EXCERPTED RECORDS:

++++++

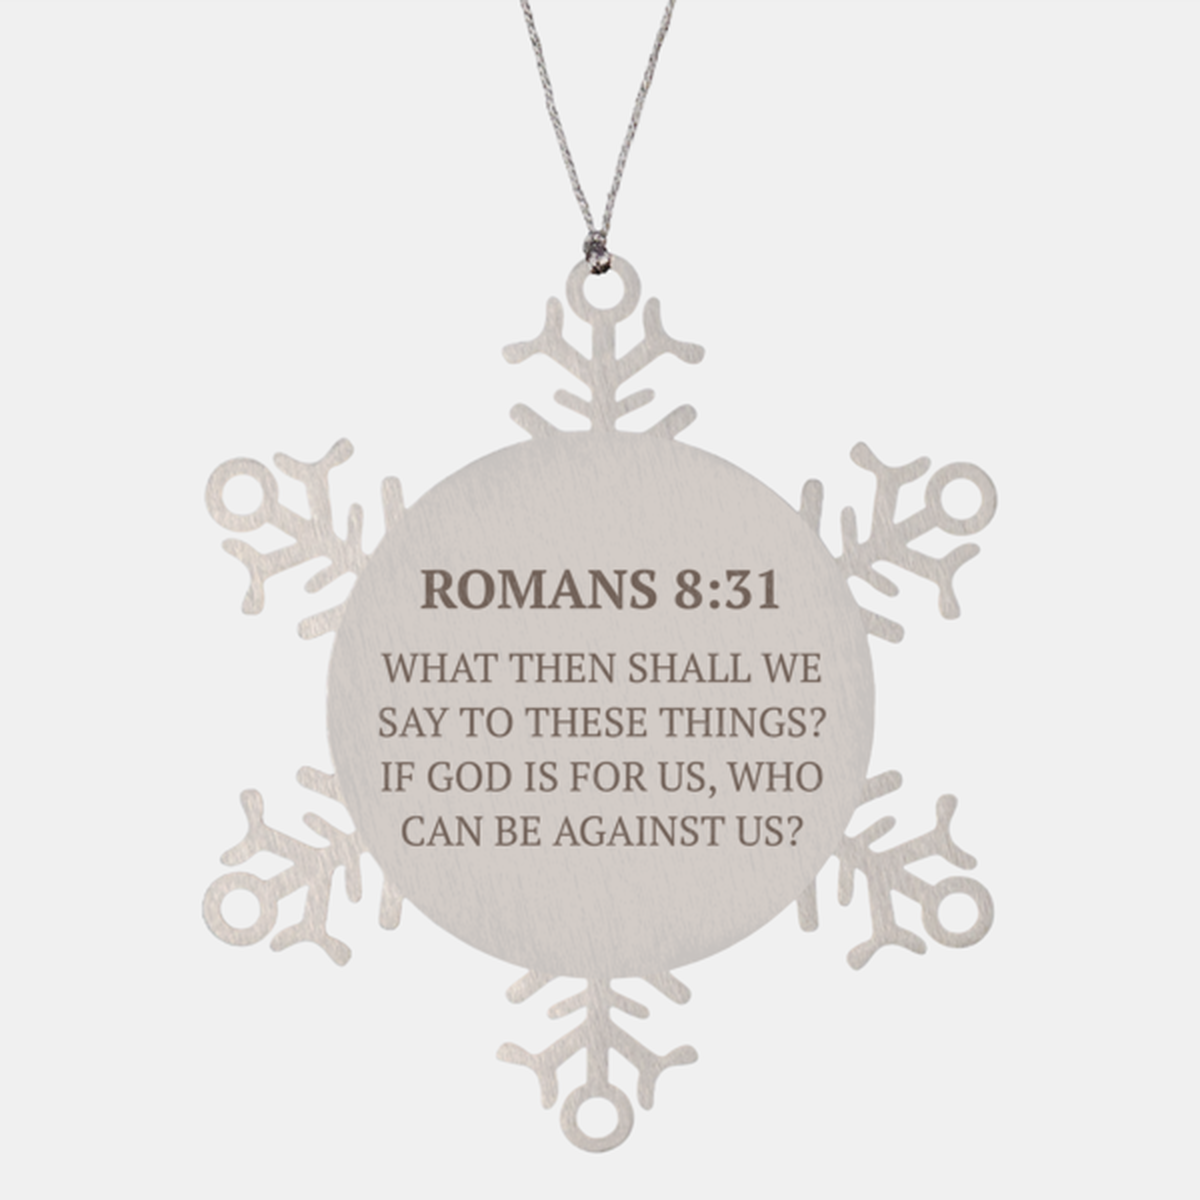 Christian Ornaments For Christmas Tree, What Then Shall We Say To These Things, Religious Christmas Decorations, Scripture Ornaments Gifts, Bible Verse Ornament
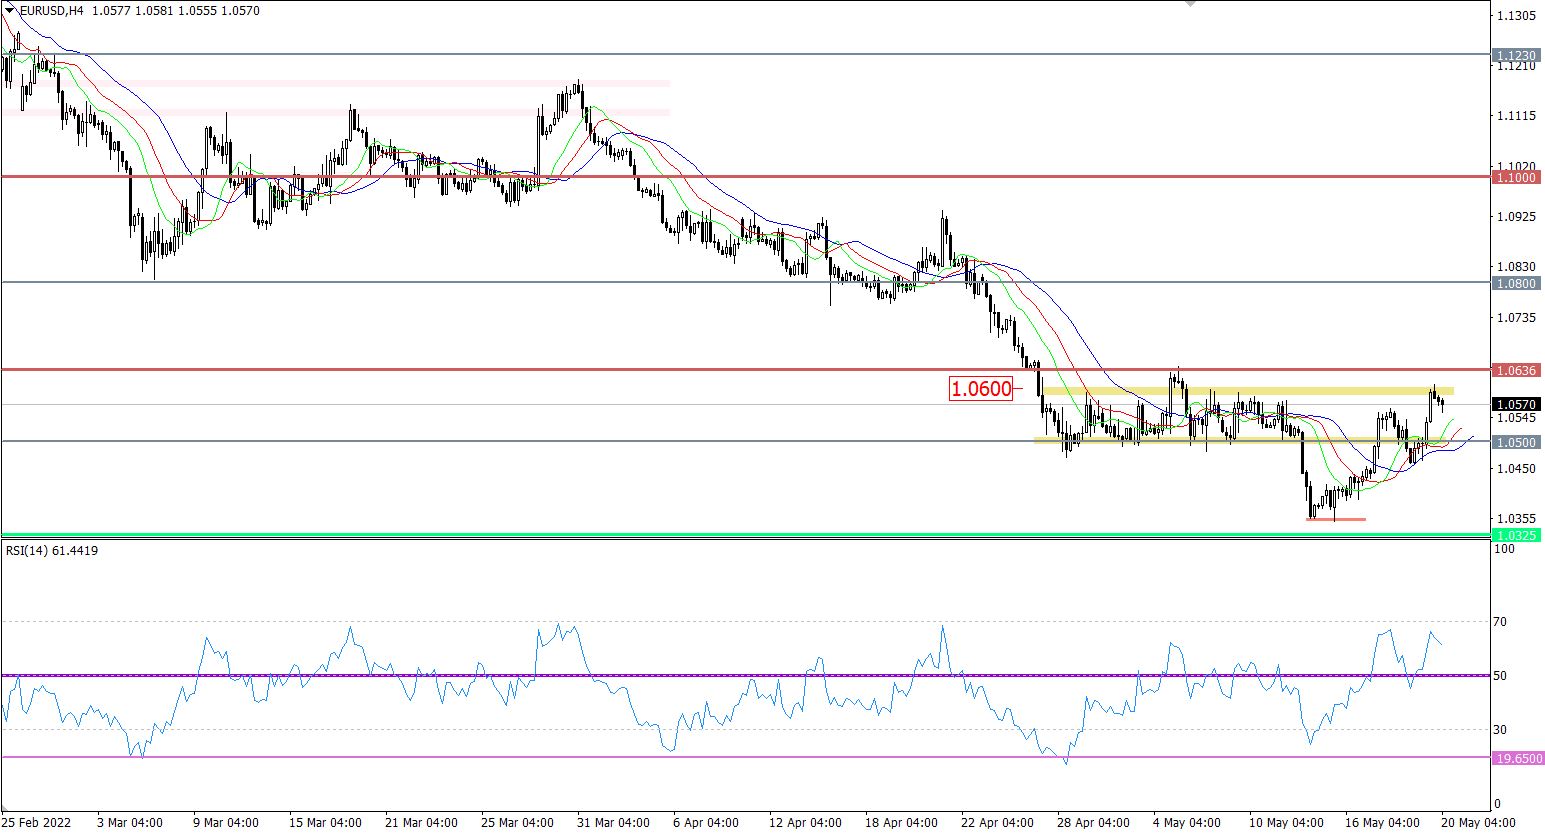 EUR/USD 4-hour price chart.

++++++

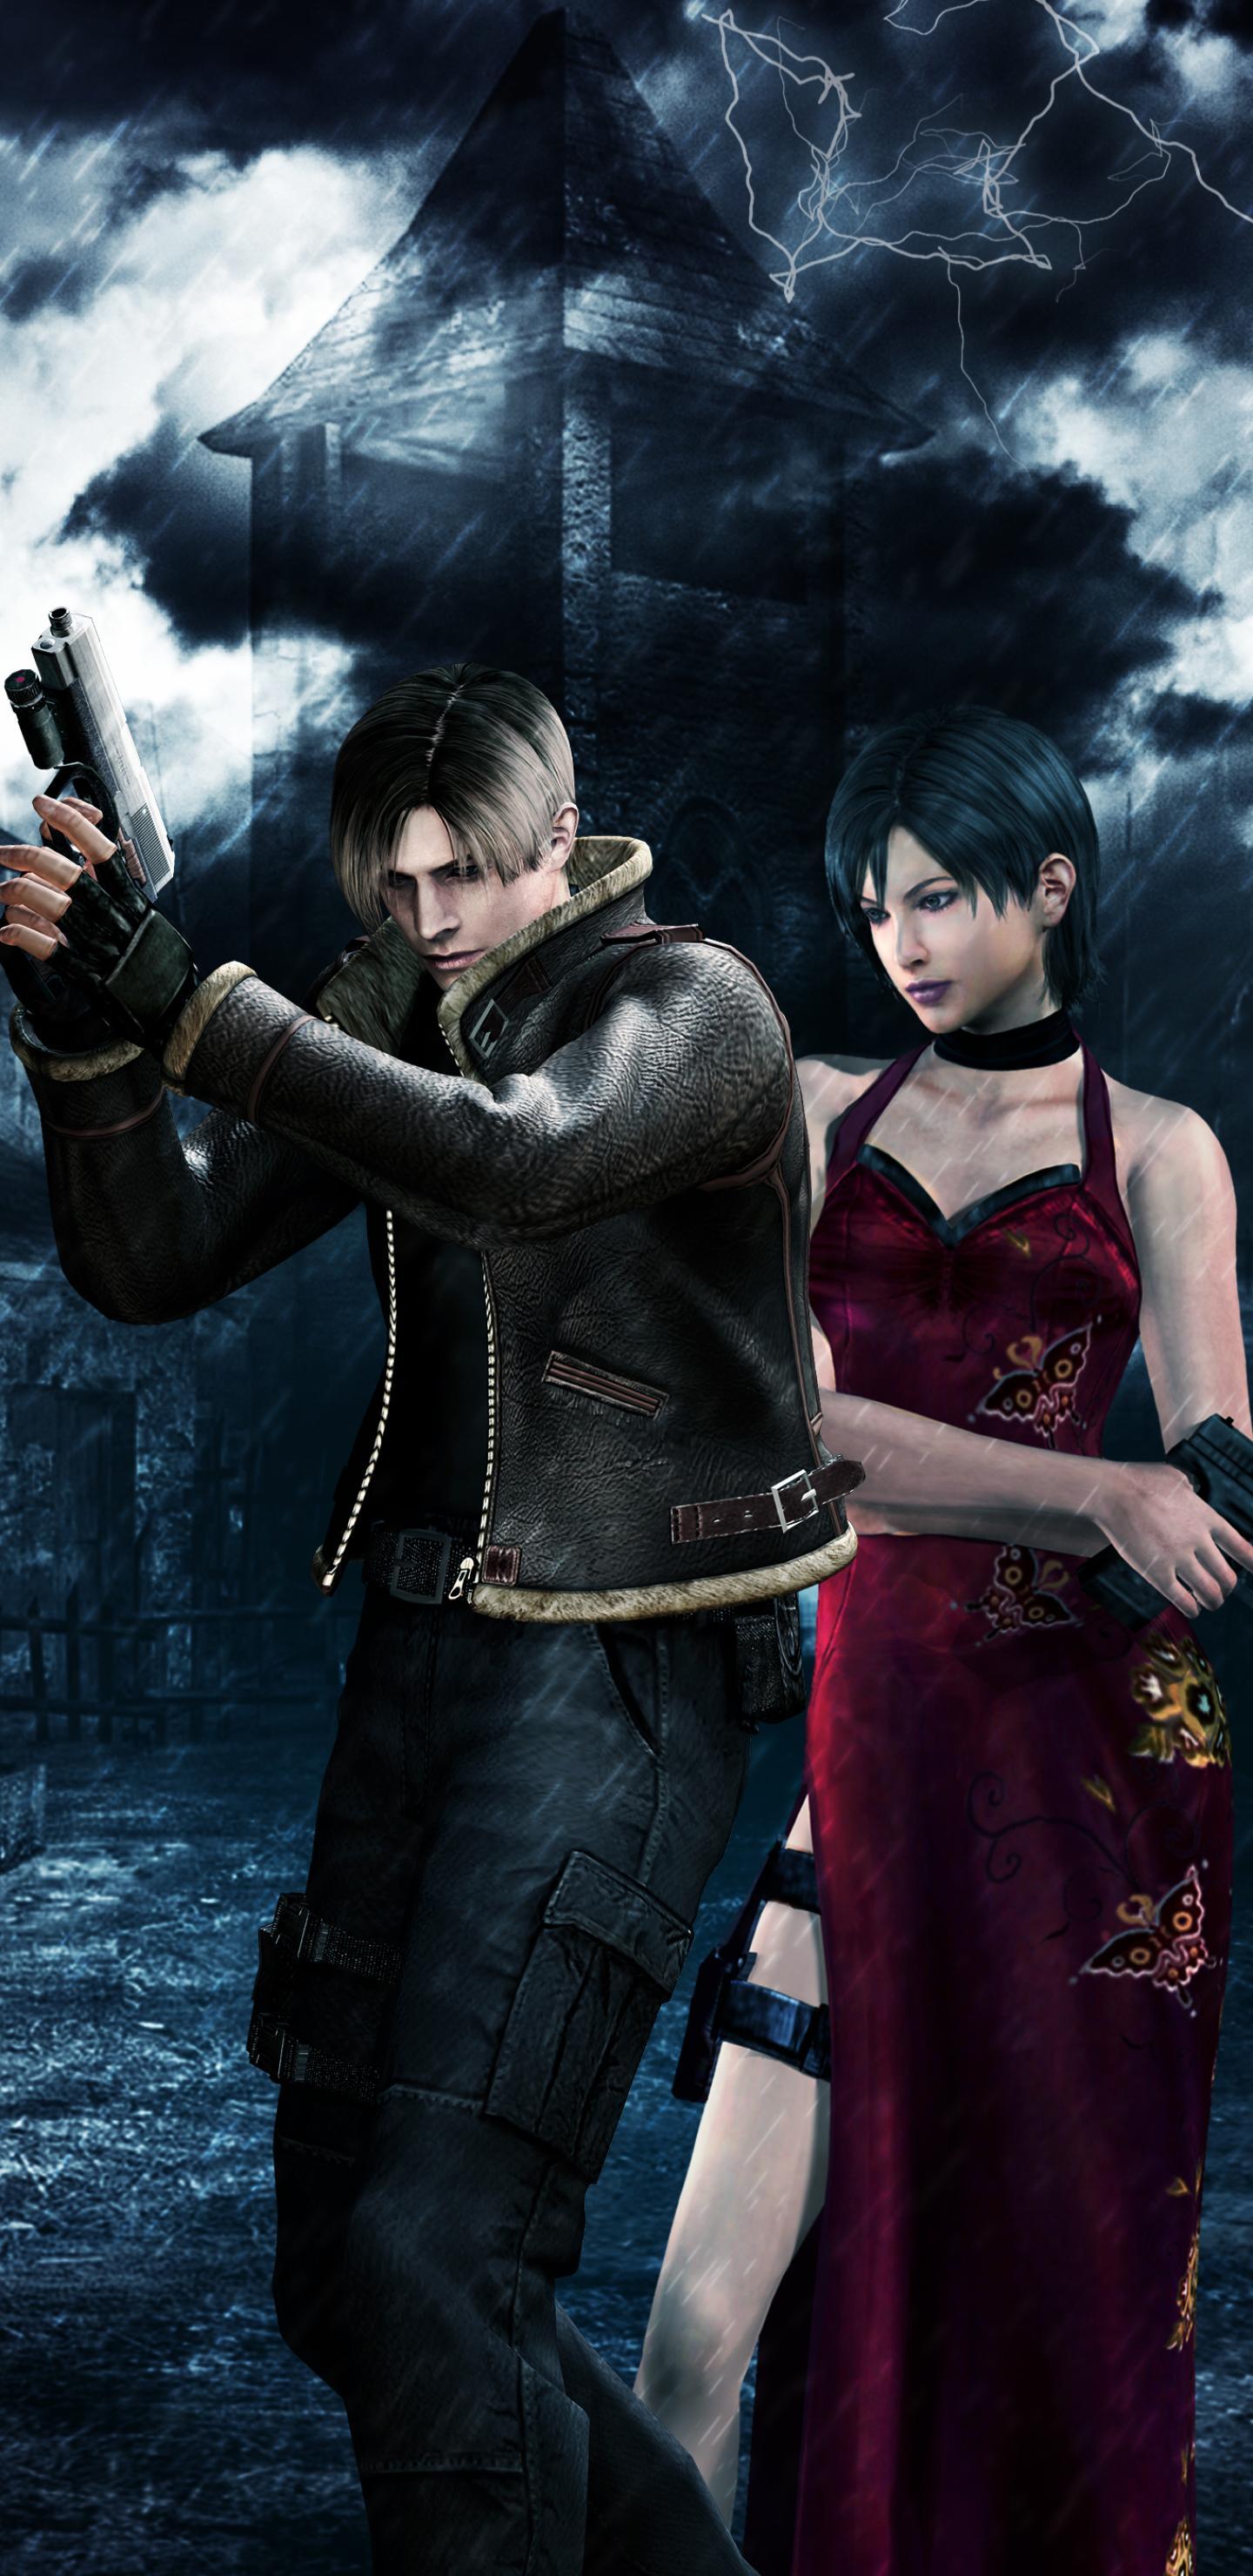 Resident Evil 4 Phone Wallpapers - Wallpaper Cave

++++++

In the listing above, find the line containing "Christian Ornaments For" and the line containing "EUR/USD 4-hour price chart.", then output those two lines and everything between them exactly as written, without the images.

OUTPUT BELOW:
 Christian Ornaments For Christmas Tree, What Then Shall We Say To These Things, Religious Christmas Decorations, Scripture Ornaments Gifts, Bible Verse Ornament
 EUR/USD 4-hour price chart.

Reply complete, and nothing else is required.